### YOUR GOAL
Only one span is wanted from the lines below: from the one with "Tile A Bathroom" up to and including the one with "Venice 4K Ultra HD Wallpaper [3840x2160]". Copy it exactly, without images.

### DATASET RECORDS
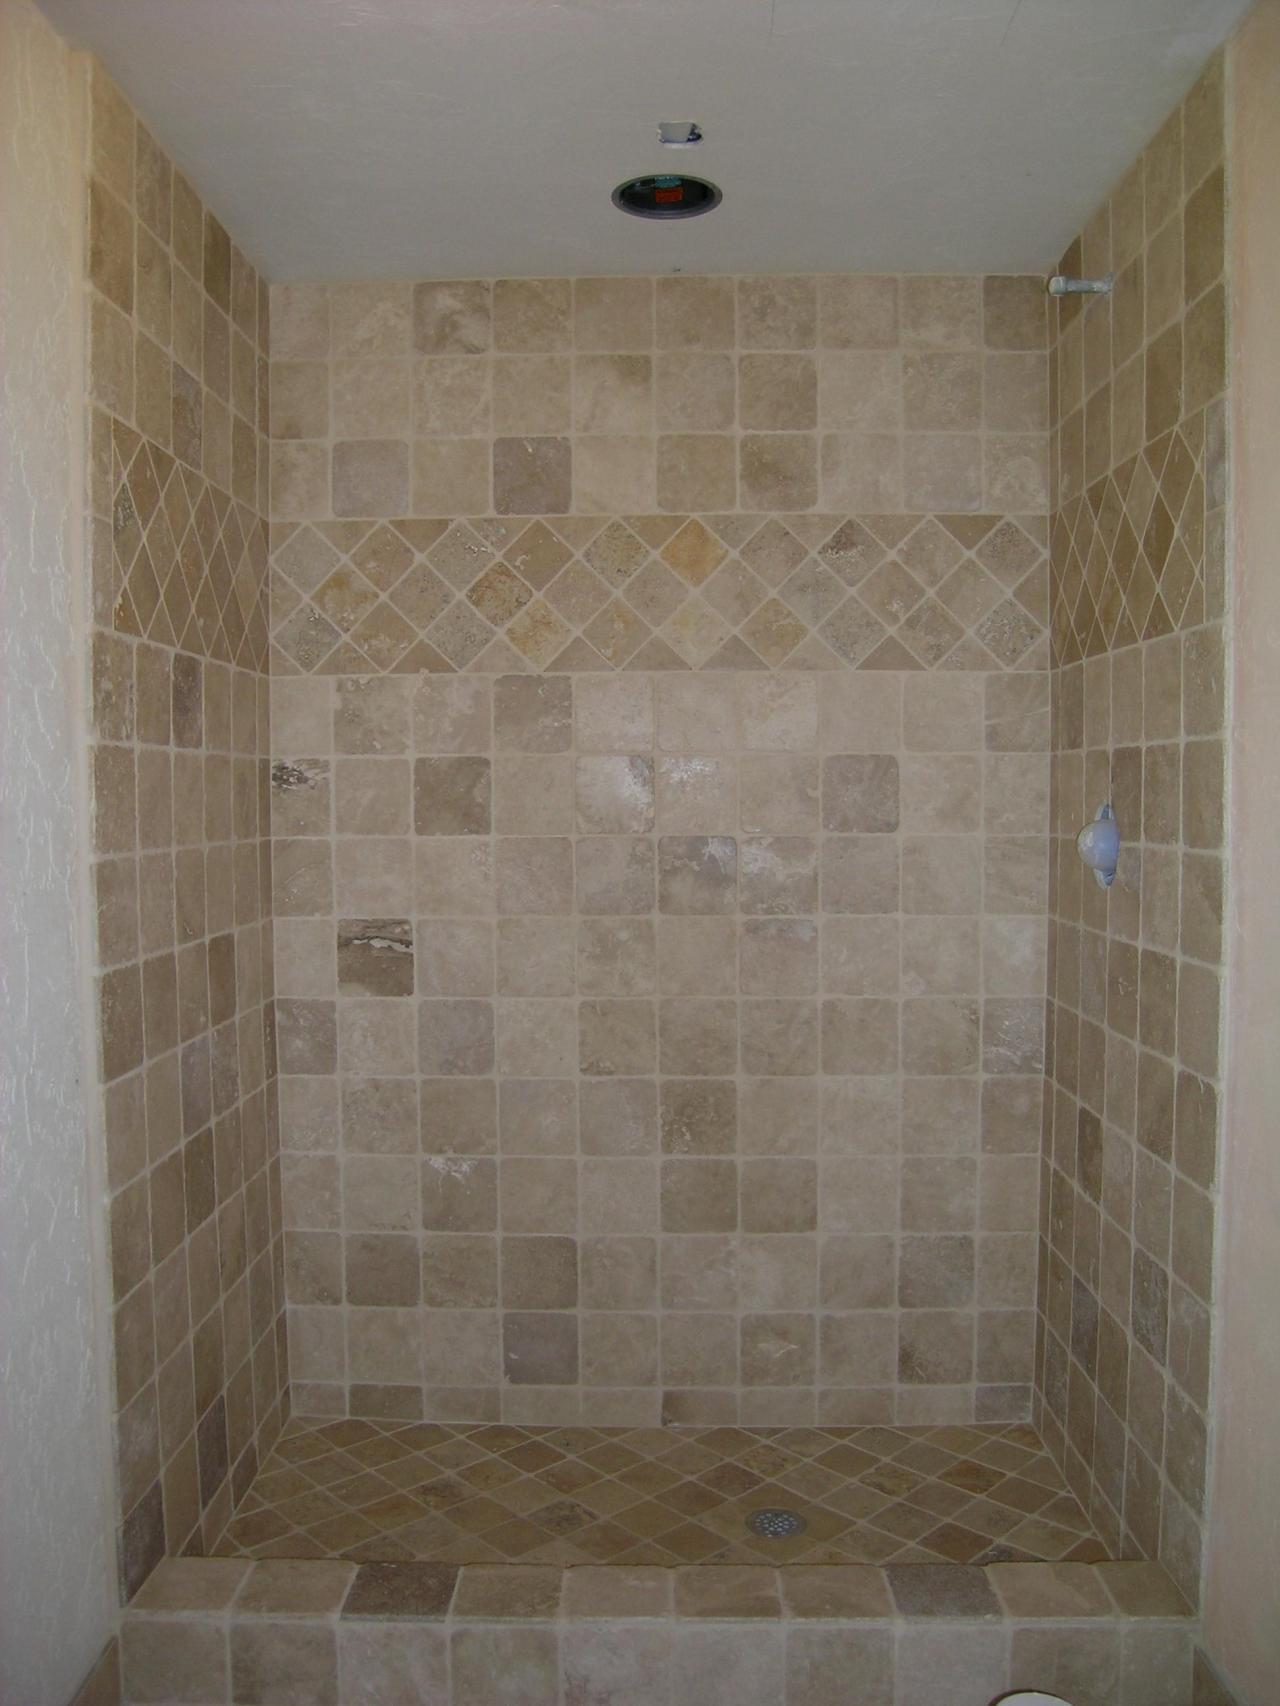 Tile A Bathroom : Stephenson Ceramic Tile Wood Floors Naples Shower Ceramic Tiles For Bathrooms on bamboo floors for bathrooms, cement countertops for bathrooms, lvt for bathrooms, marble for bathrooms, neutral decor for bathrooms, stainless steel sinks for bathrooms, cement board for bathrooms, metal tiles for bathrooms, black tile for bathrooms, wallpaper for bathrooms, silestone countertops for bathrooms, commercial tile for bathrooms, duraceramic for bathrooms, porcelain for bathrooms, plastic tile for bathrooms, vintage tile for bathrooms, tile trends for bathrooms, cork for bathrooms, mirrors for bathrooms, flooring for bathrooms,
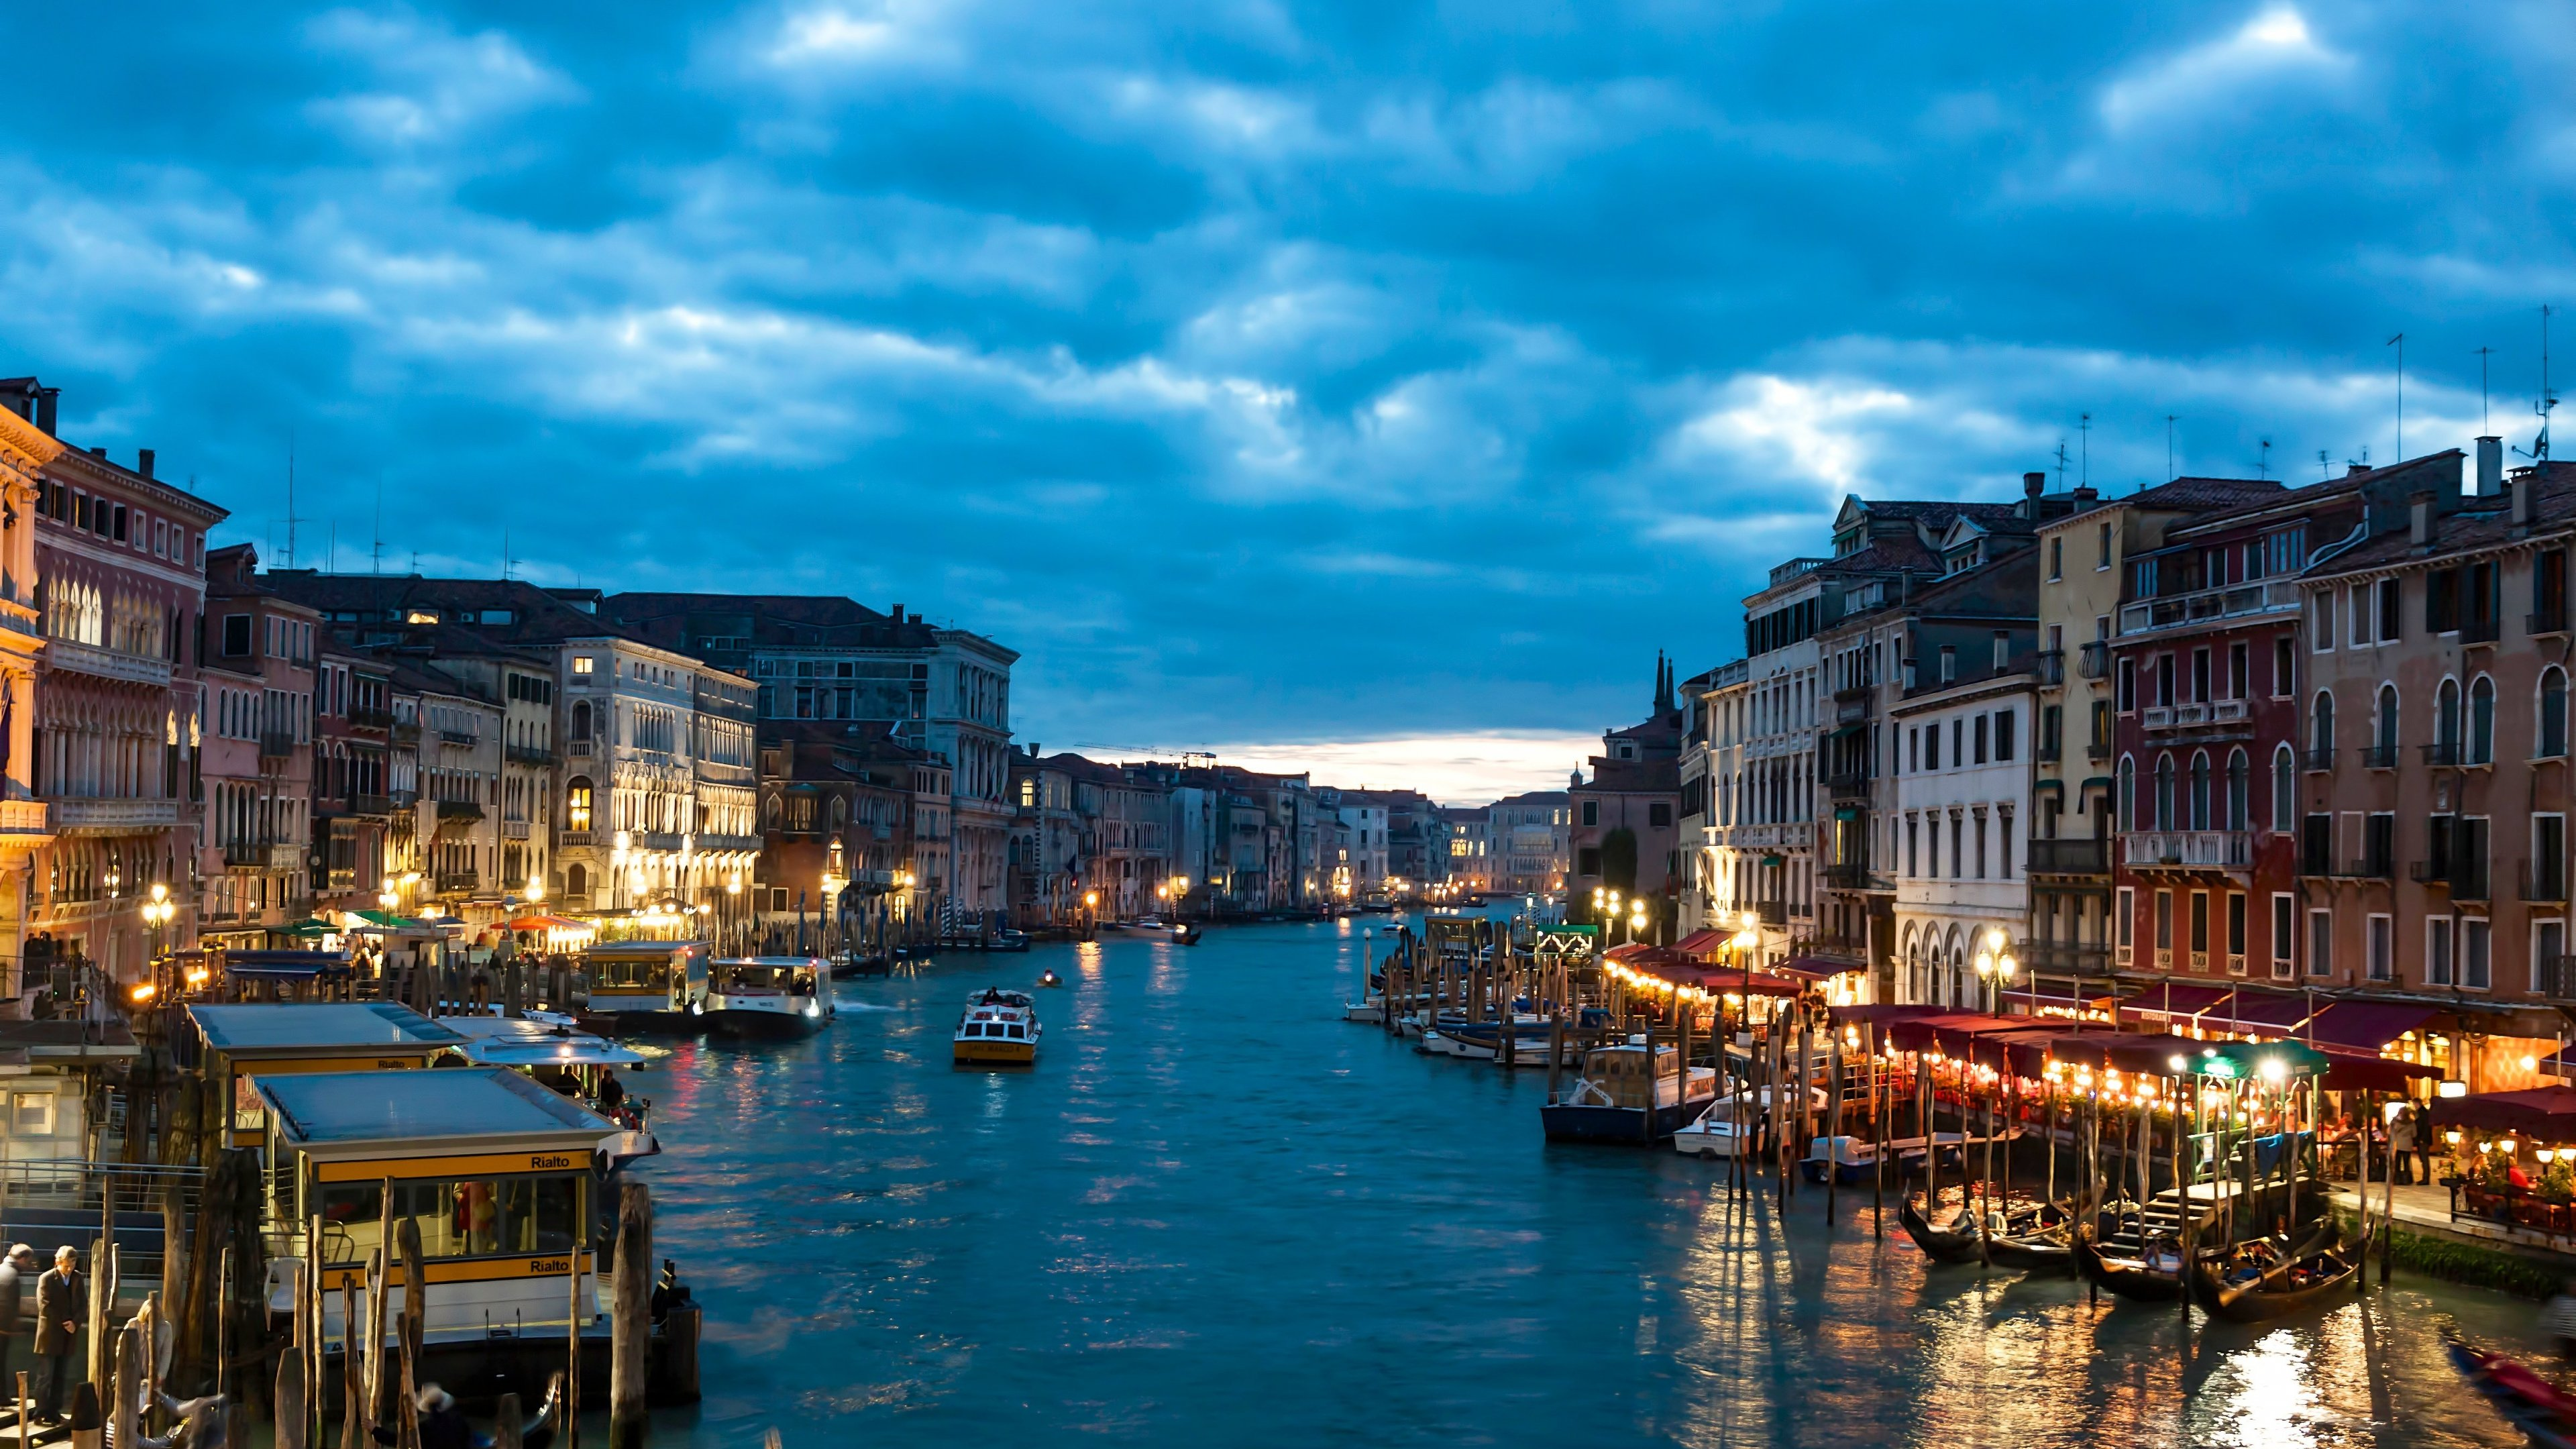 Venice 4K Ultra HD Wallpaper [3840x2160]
--
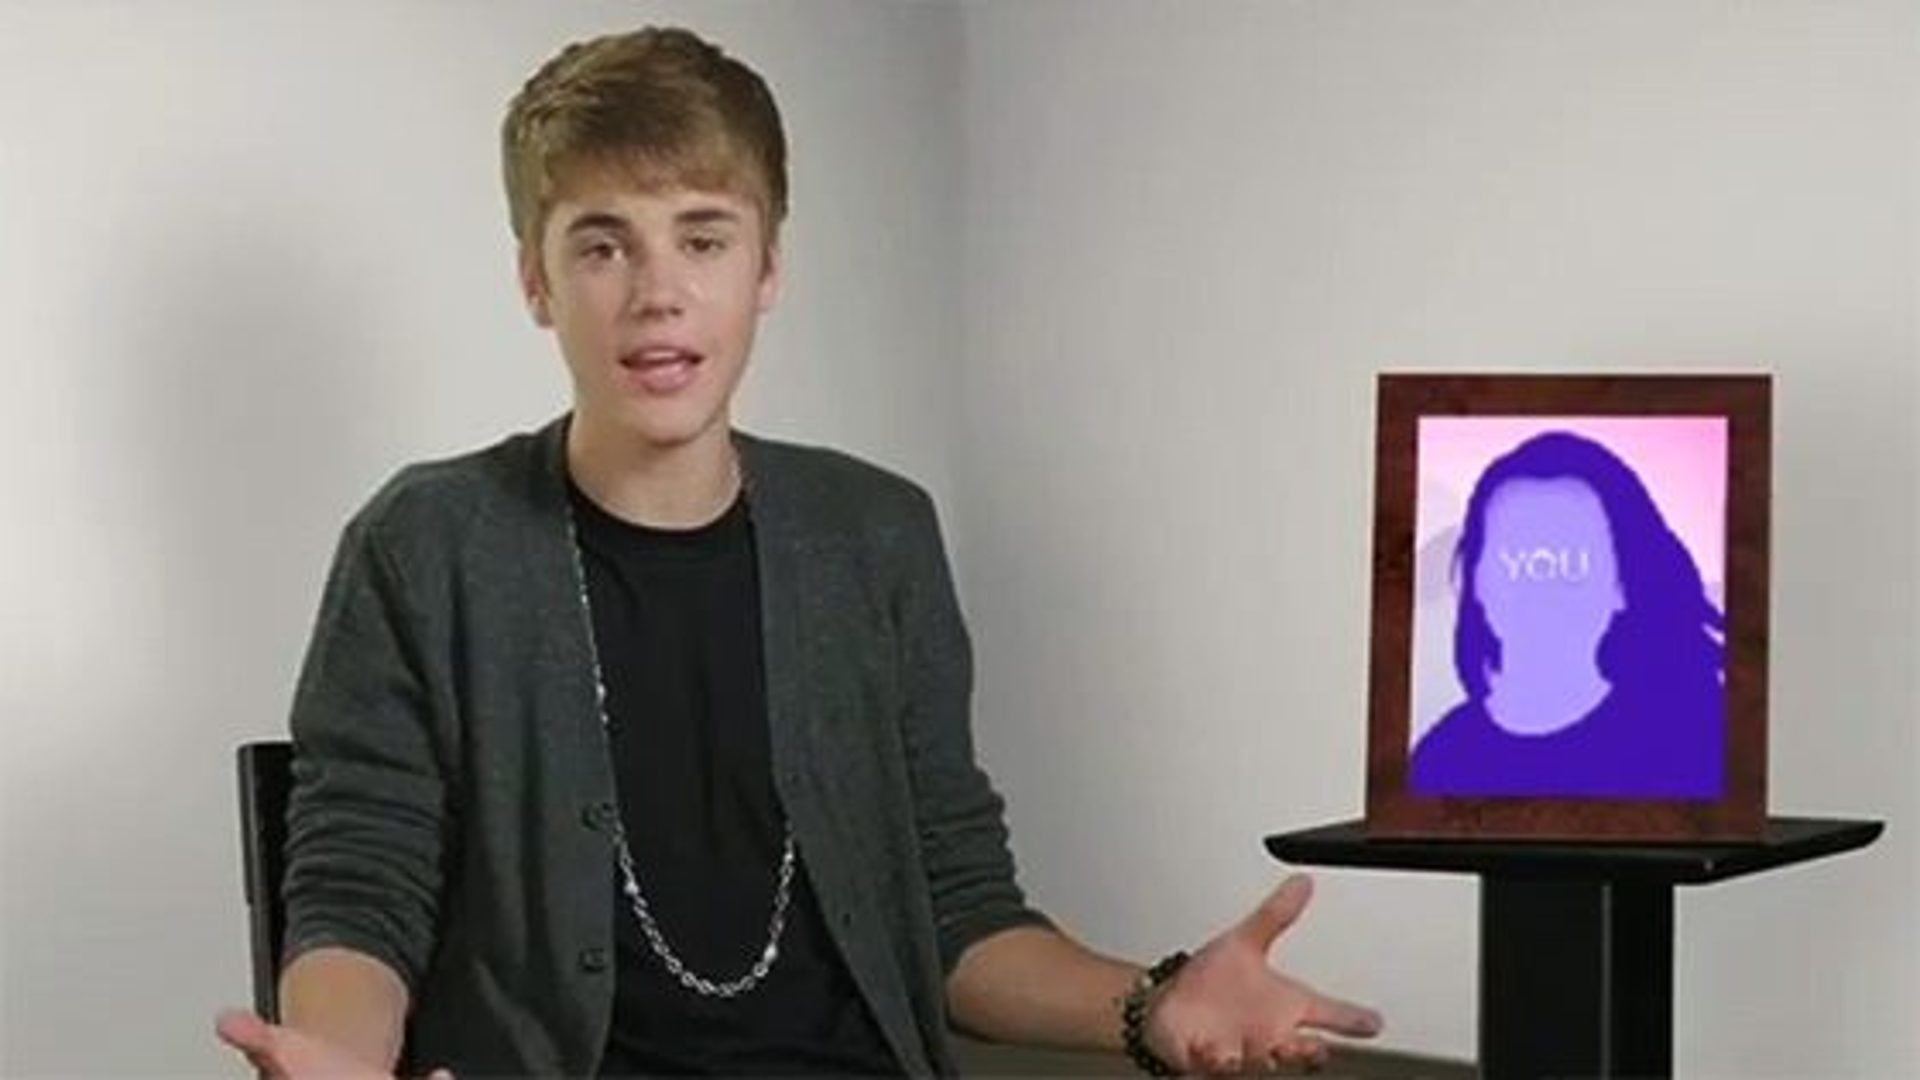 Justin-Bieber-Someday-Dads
...
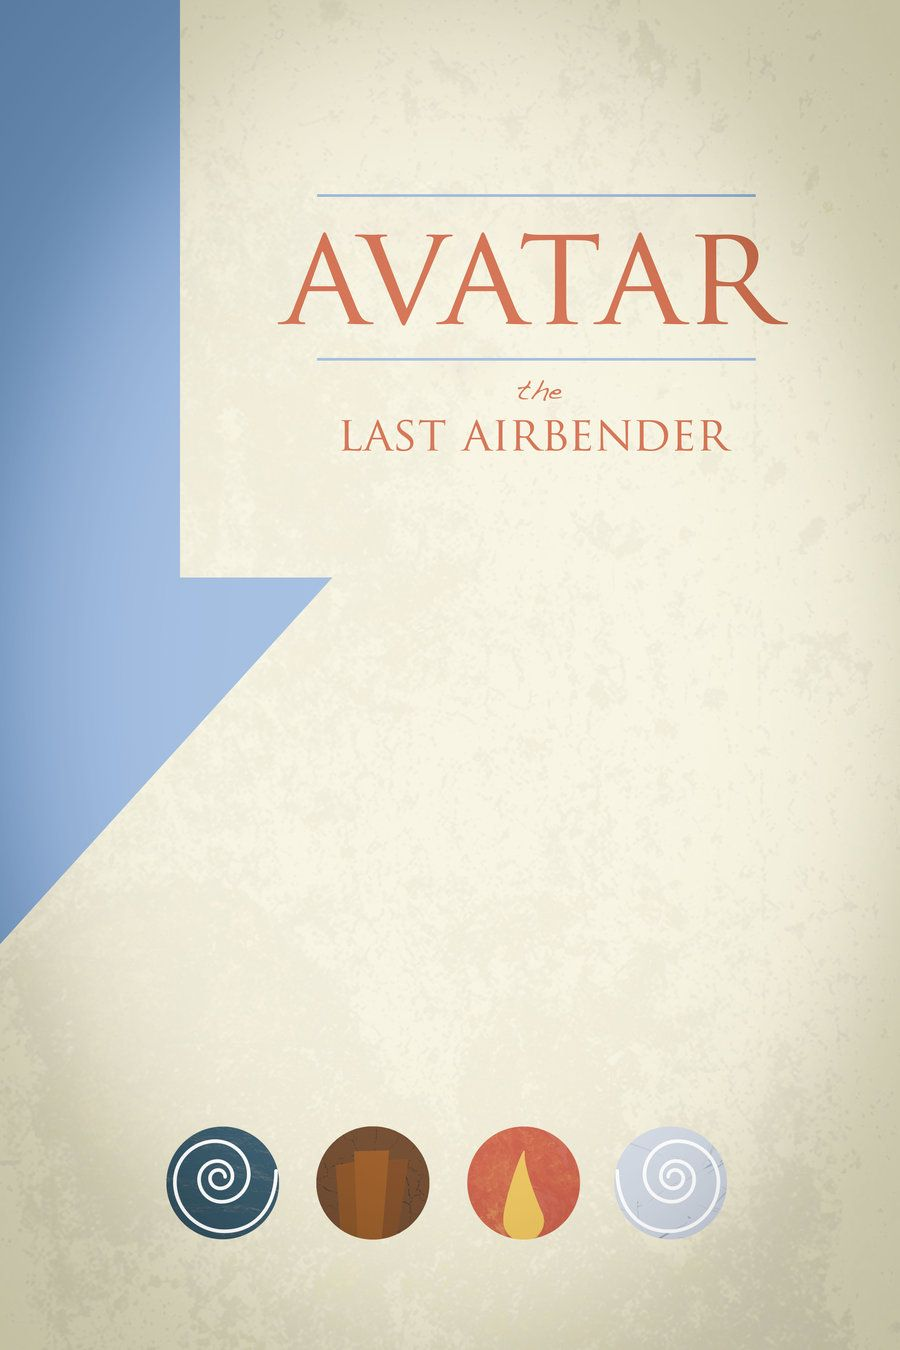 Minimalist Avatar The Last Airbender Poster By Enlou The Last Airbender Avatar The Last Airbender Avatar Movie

### RESPONSE BOX
 Tile A Bathroom : Stephenson Ceramic Tile Wood Floors Naples Shower Ceramic Tiles For Bathrooms on bamboo floors for bathrooms, cement countertops for bathrooms, lvt for bathrooms, marble for bathrooms, neutral decor for bathrooms, stainless steel sinks for bathrooms, cement board for bathrooms, metal tiles for bathrooms, black tile for bathrooms, wallpaper for bathrooms, silestone countertops for bathrooms, commercial tile for bathrooms, duraceramic for bathrooms, porcelain for bathrooms, plastic tile for bathrooms, vintage tile for bathrooms, tile trends for bathrooms, cork for bathrooms, mirrors for bathrooms, flooring for bathrooms,
 Venice 4K Ultra HD Wallpaper [3840x2160]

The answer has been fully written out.